• EXERCISE DESCRIPTION
The answer is the full listing restated exactly, without any pictures.
[Opening RECORDED INFORMATION section]
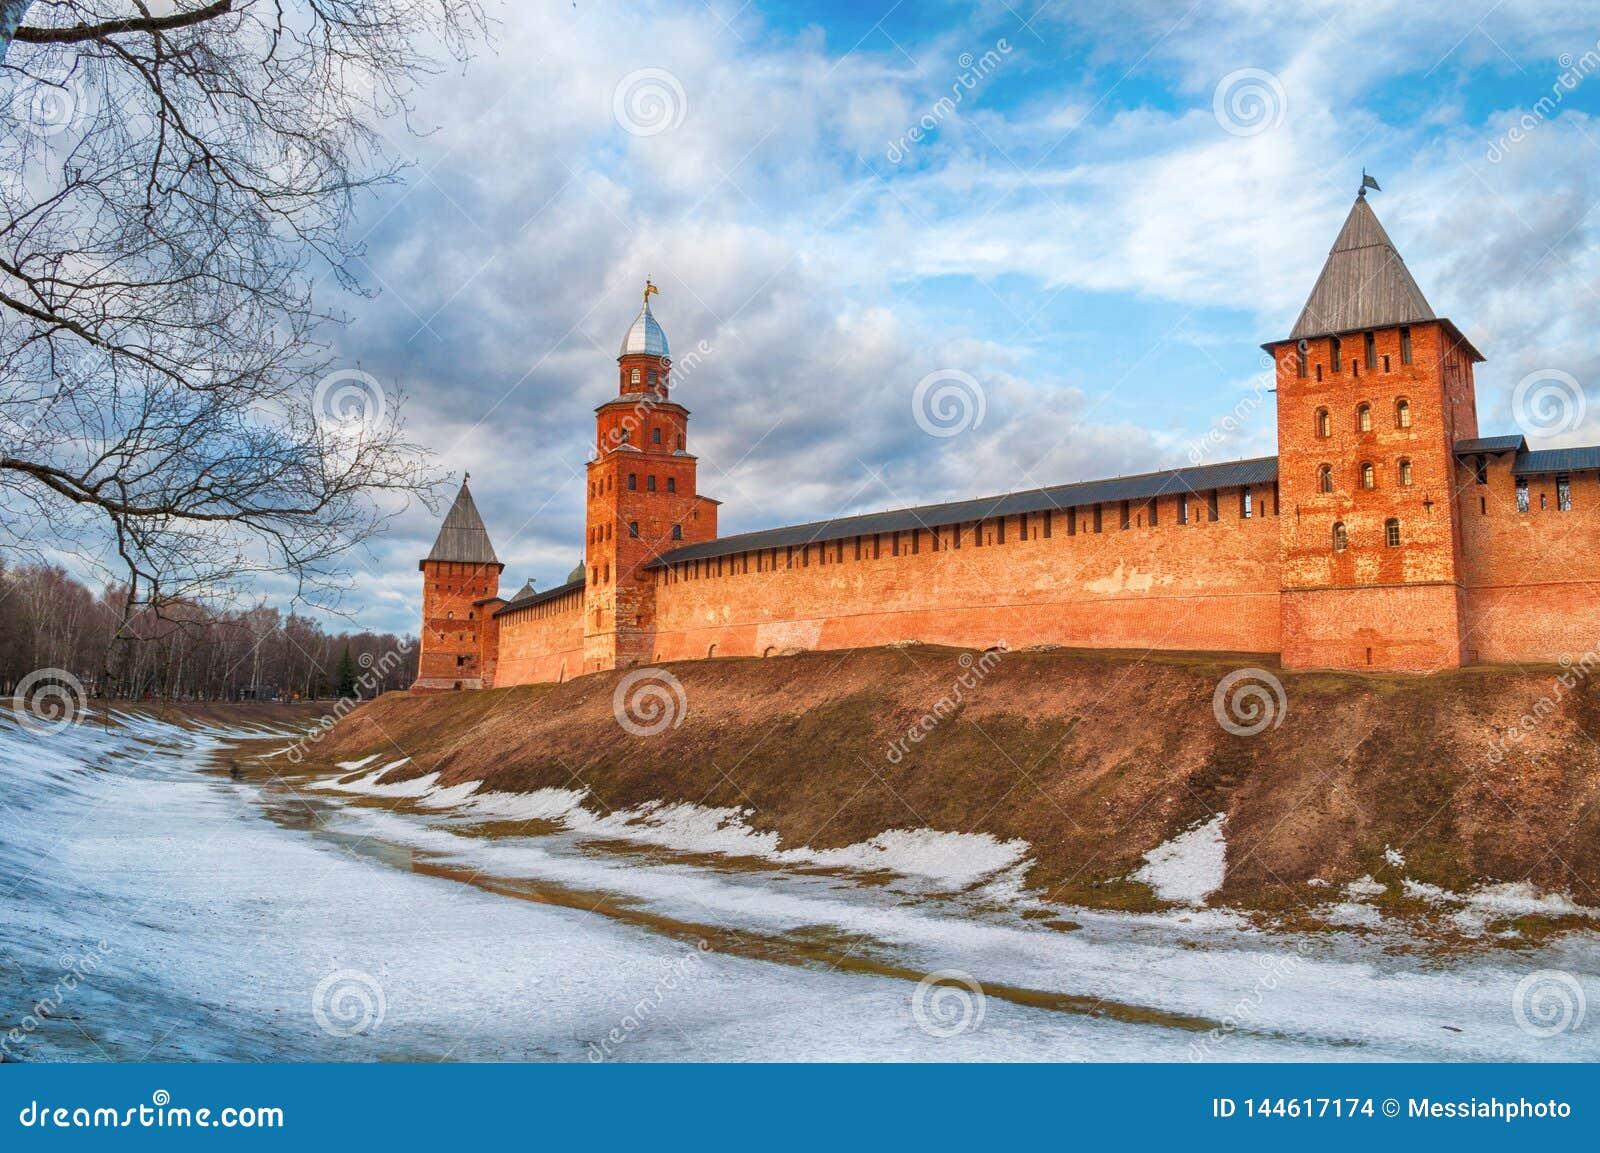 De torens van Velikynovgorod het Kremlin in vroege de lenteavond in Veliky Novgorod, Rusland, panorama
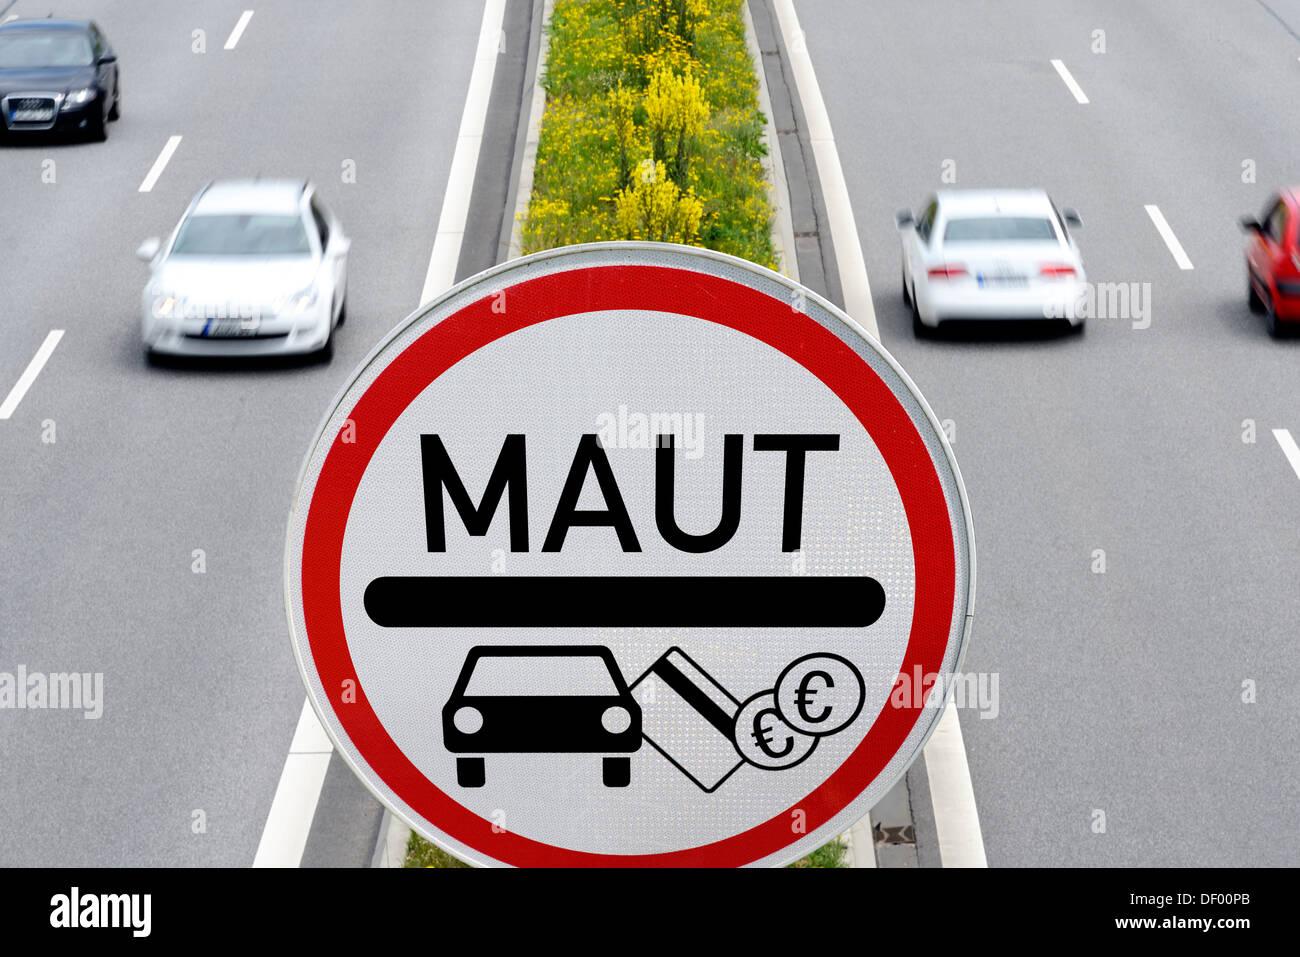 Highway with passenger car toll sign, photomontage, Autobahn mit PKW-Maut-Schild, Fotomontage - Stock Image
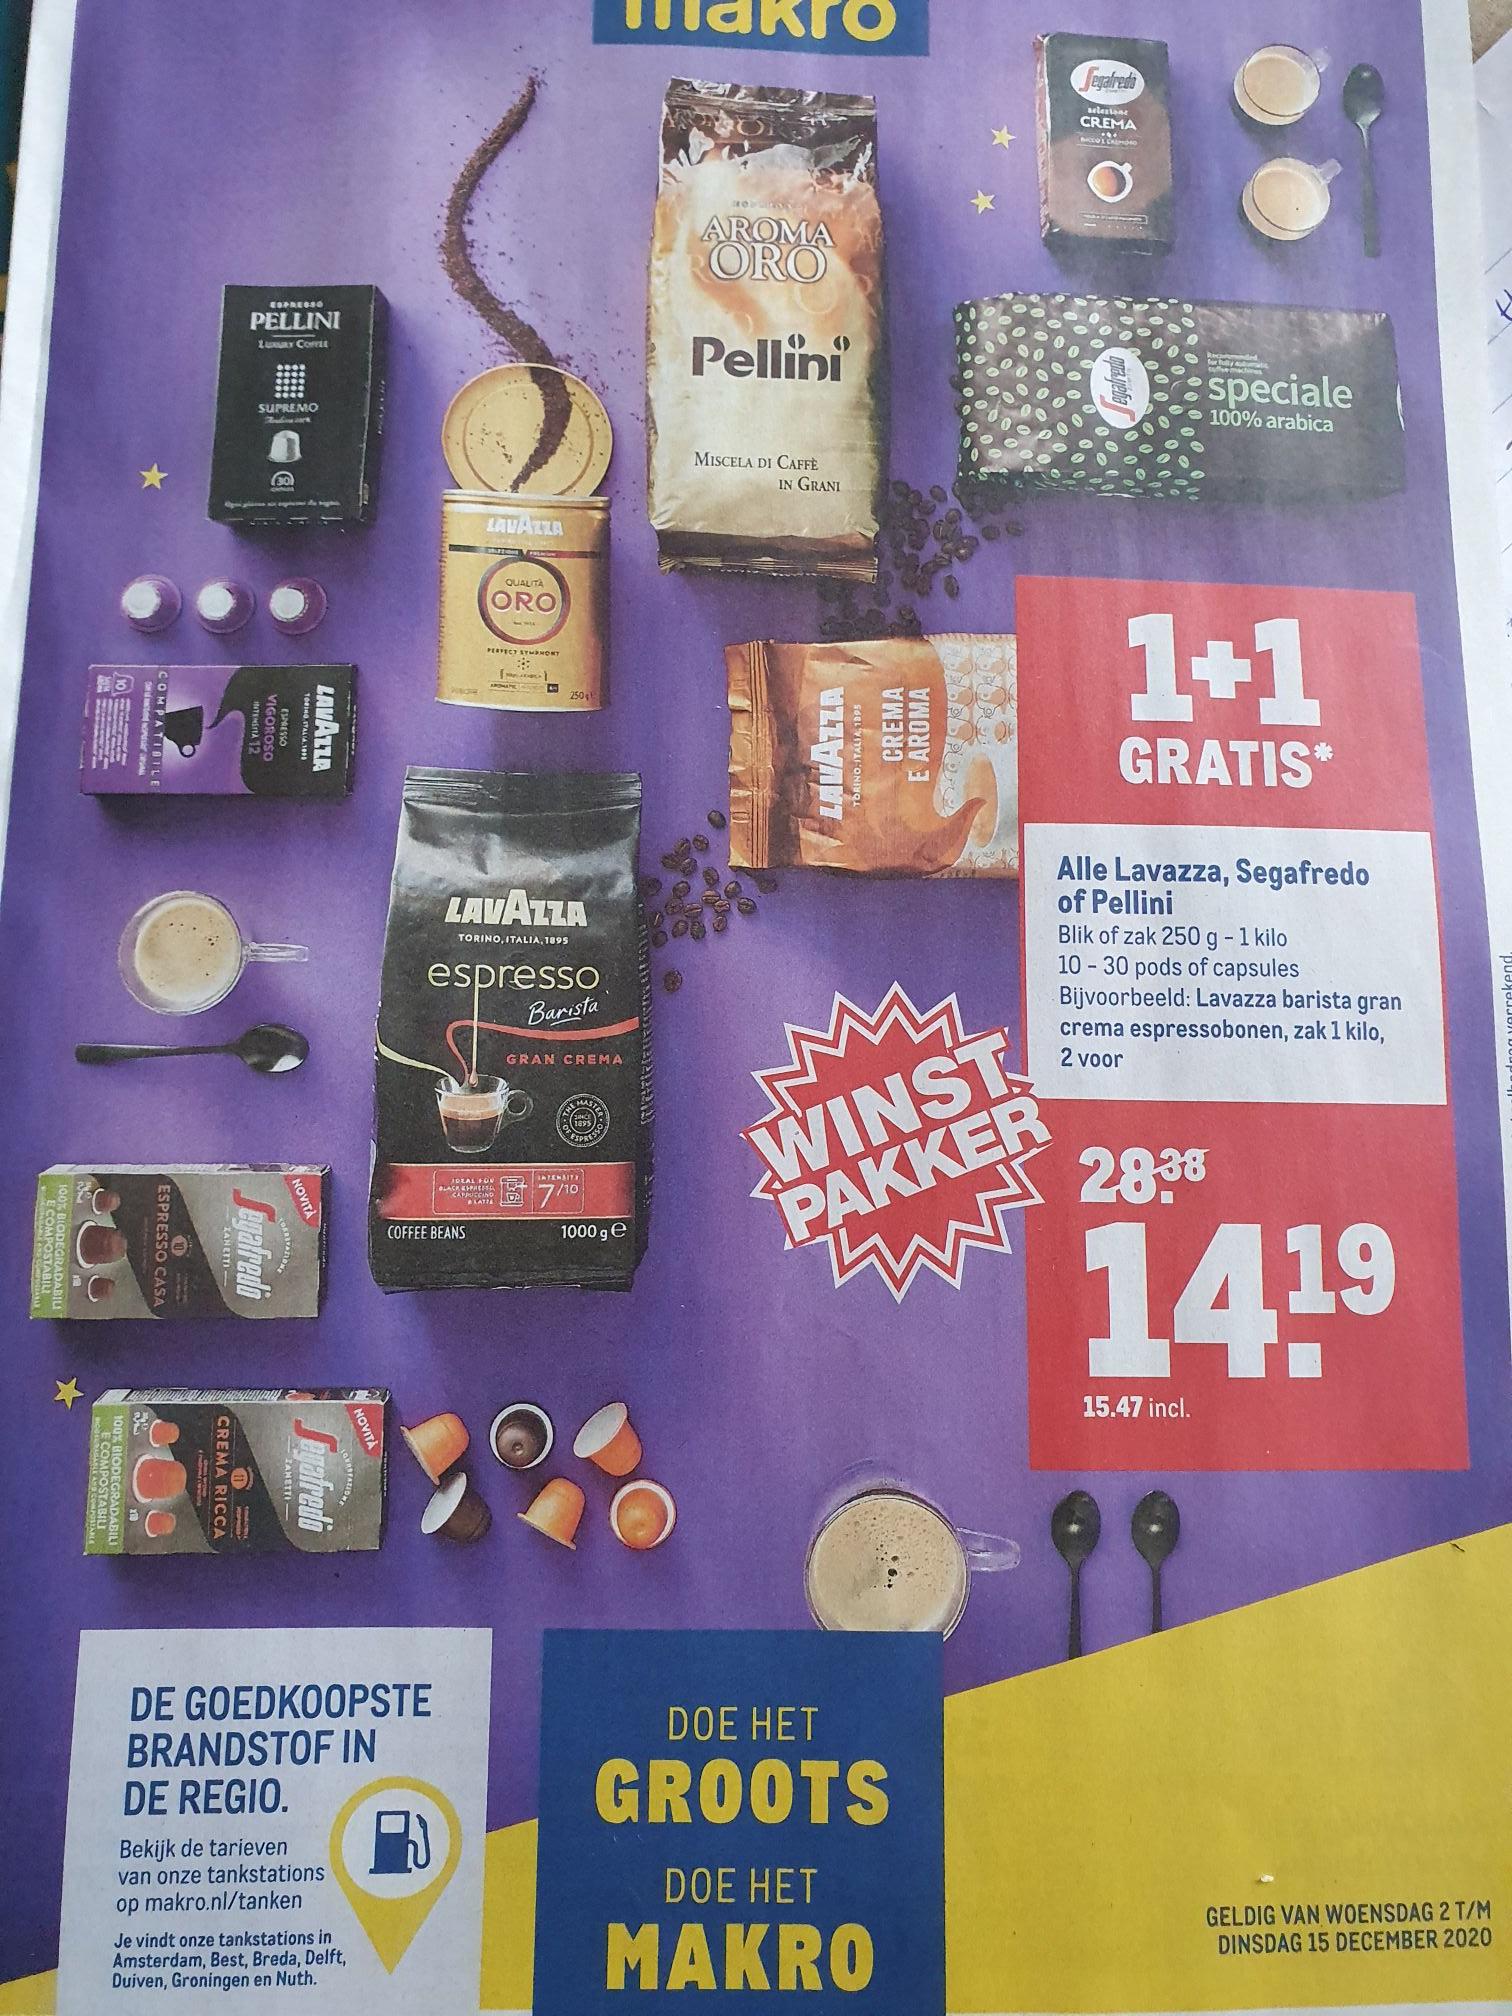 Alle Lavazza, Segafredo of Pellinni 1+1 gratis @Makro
[Closing RECORDED INFORMATION section]
• WRITTEN RESPONSE
 De torens van Velikynovgorod het Kremlin in vroege de lenteavond in Veliky Novgorod, Rusland, panorama
 Highway with passenger car toll sign, photomontage, Autobahn mit PKW-Maut-Schild, Fotomontage - Stock Image
 Alle Lavazza, Segafredo of Pellinni 1+1 gratis @Makro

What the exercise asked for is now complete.